On se battait encore en brousse lorsque, le lundi, le général Gowon a reçu l'ambassadeur d'URSS à Lagos, M. Alexander Romanov, pour lui dire sa gratitude. Assurée par les Russes et les Britanniques, l'abondance des armes a triomphé de la pauvreté des moyens. Sur la France, qui avait donné aux Biafrais de rares mortiers et quelques fusils pour braconner, est tombé, mercredi, le verdict de Gowon: ses offres de secours sont repoussées, et elle est rangée sans ménagement dans le quarteron des "pays hostiles", avec l'Afrique du Sud, le Portugal et la Rhodésie.
Terreurs
Il y avait quarante places à bord du dernier avion qui a quitté le Biafra. Et une liste d'attente de quelques millions de désespérés. Depuis des mois, le "réduit" biafrais avait fondu et n'était plus relié au monde que par la piste d'atterrissage d'Uli, fréquemment bombardée. L'autre samedi, dans la panique lucide des heures d'Apocalypse, ce peuple assiégé avait compris que tout s'écroulait. Et il s'est mis à courir sur les routes, sans but, ne sachant plus même où était l'ennemi, mais guidé encore, parmi tant de terreurs, par le bruit des moteurs du DC 4 qui tentait de se poser.
Un Biafrais, sorti ce soir-là de l'enfer, raconte son odyssée: "Au pied de l'échelle métallique donnant accès à l'avion, se tenait le colonel Achuzia.
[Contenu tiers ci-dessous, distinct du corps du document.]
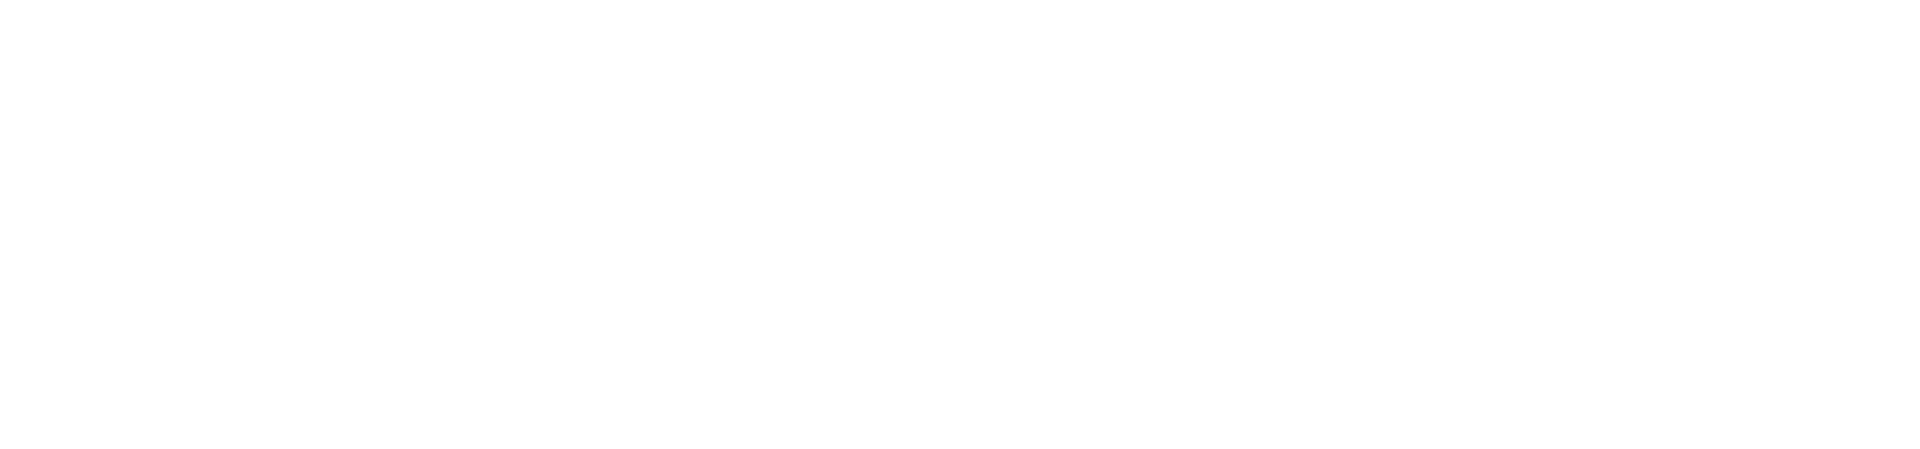 future transfers

J'avais gagné le premier rang et j'allais passer lorsque je sentis contre ma poitrine le canon de son arme. Soudain, il cessa de s'occuper de moi pour appeler sa femme. Ils devaient partir ensemble, mais il l'avait perdue dans les remous de la foule. Il se lança alors à travers la masse de formes humaines, et j'en profitai pour grimper à bord moins d'une minute avant que la porte ne claque."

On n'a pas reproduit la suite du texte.